§ **EXERCISE PROMPT**: Below is a listing; write it out exactly and drop any images from it.

§ **AVAILABLE DATA**:
* * *
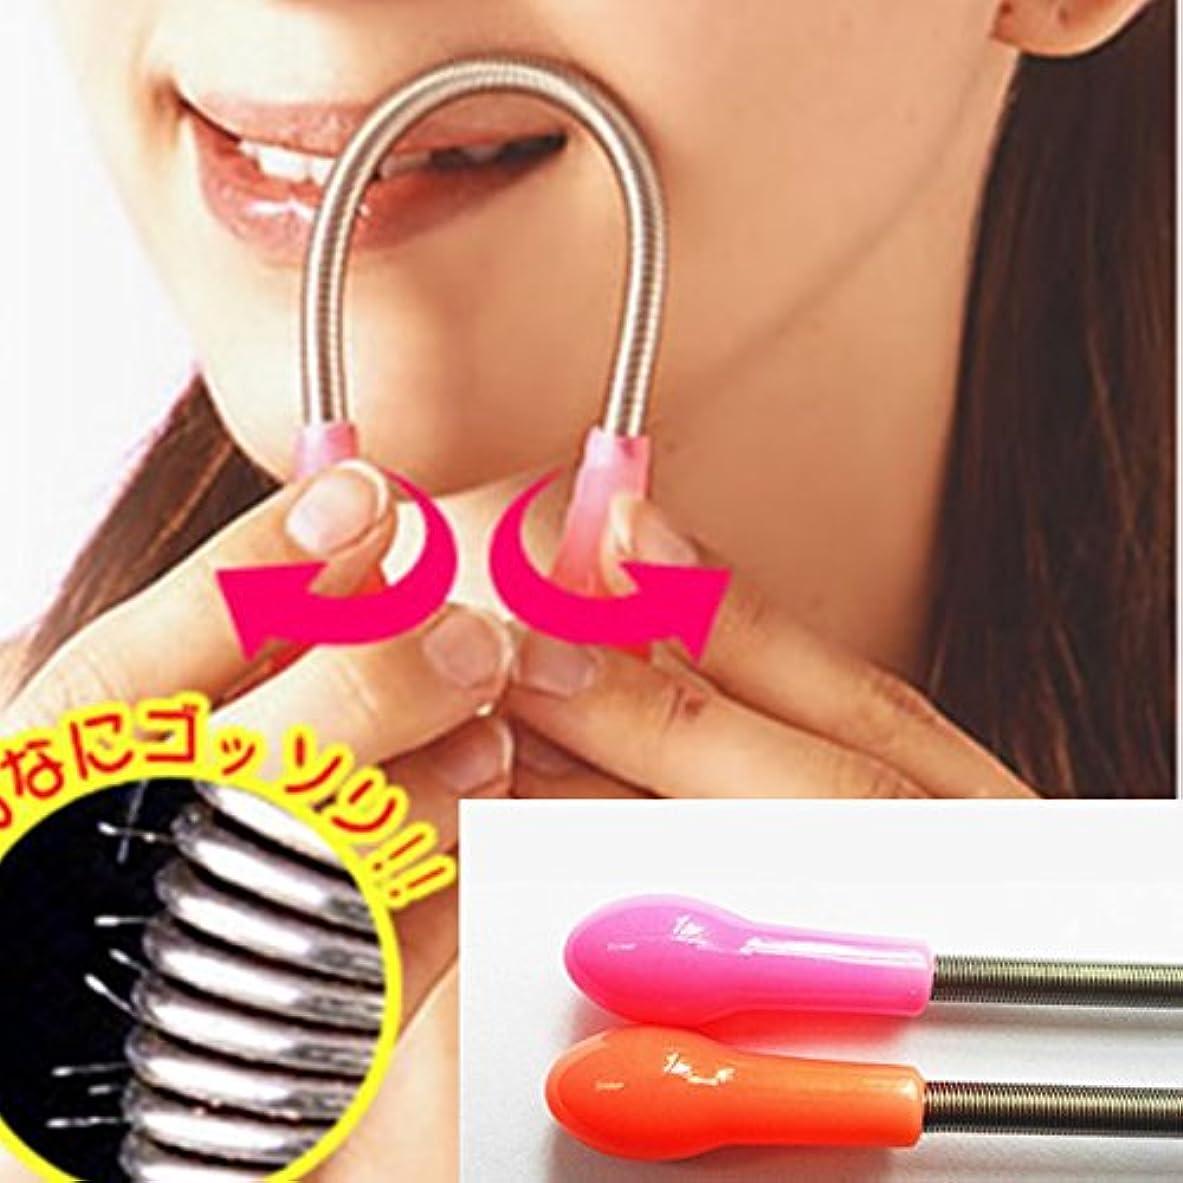 神秘百万ファランクスRabugoo 美容ツール - フェイシャルヘアスプリングリムーバースレーター除毛クリーナースティック、ピンク
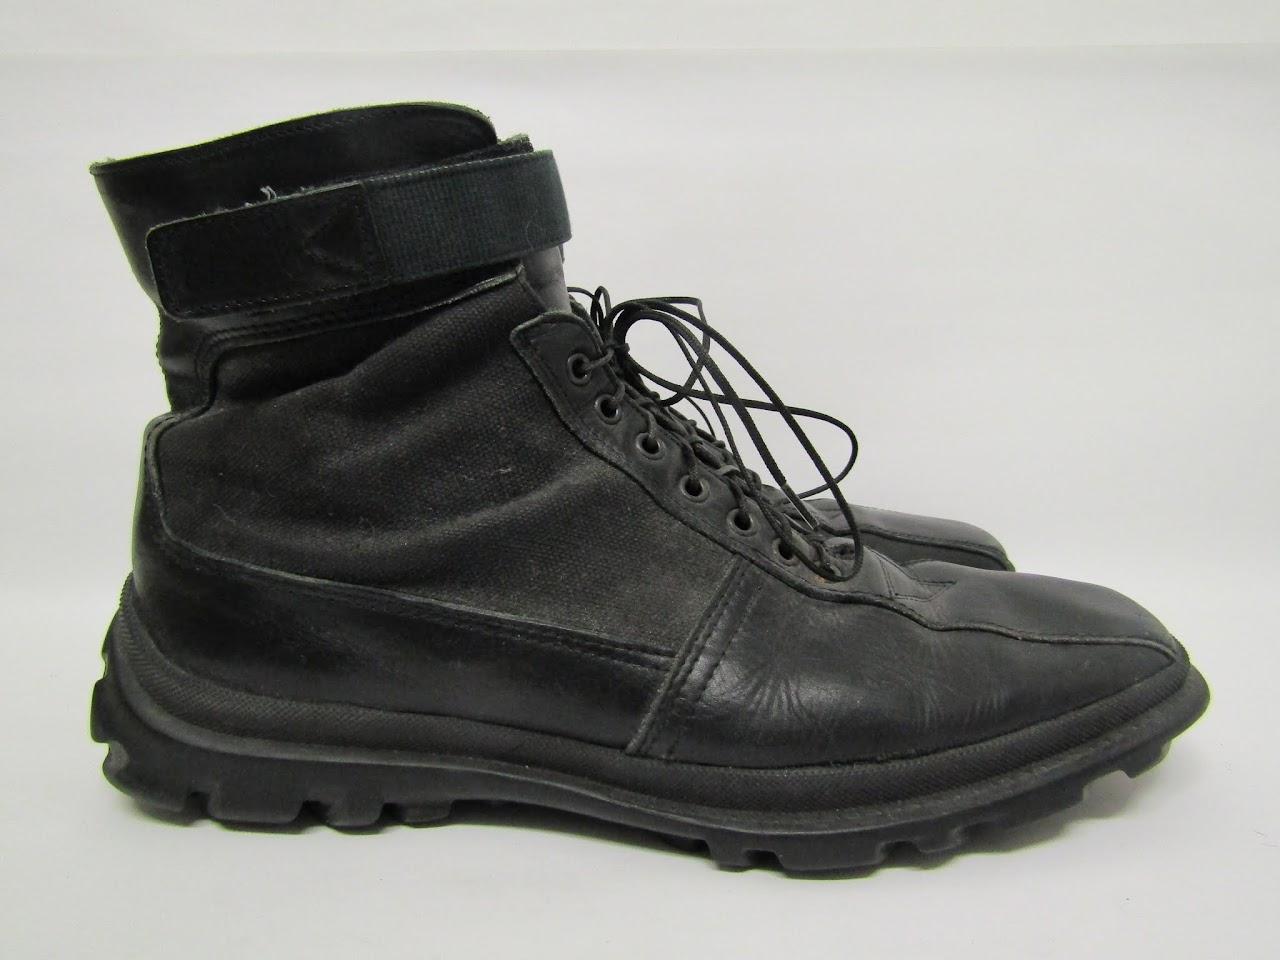 Miu Miu Lace-Up Boots
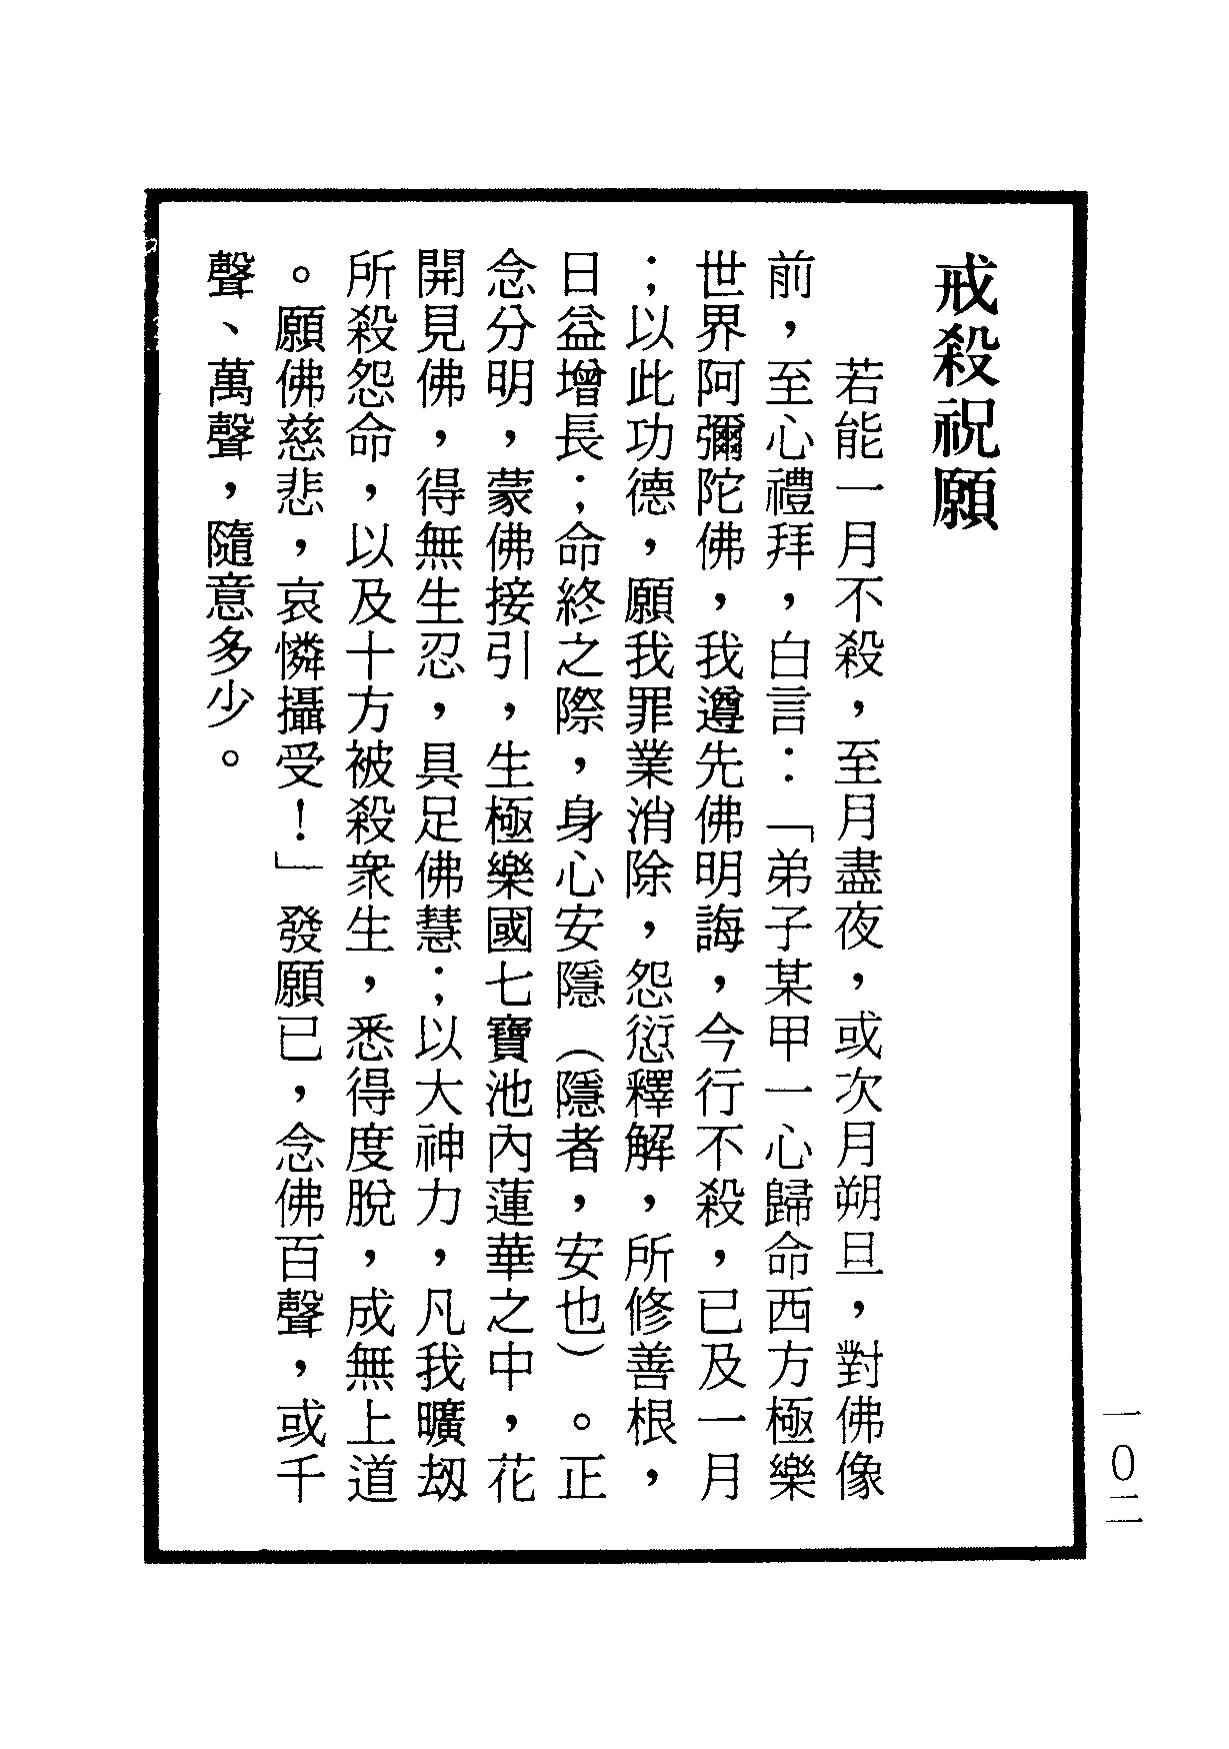 楞嚴咒-大悲咒-十小咒-易背本 108.png
* * *
§ **RESULT FOR THIS EXERCISE**:
 神秘百万ファランクスRabugoo 美容ツール - フェイシャルヘアスプリングリムーバースレーター除毛クリーナースティック、ピンク
 Miu Miu Lace-Up Boots
 楞嚴咒-大悲咒-十小咒-易背本 108.png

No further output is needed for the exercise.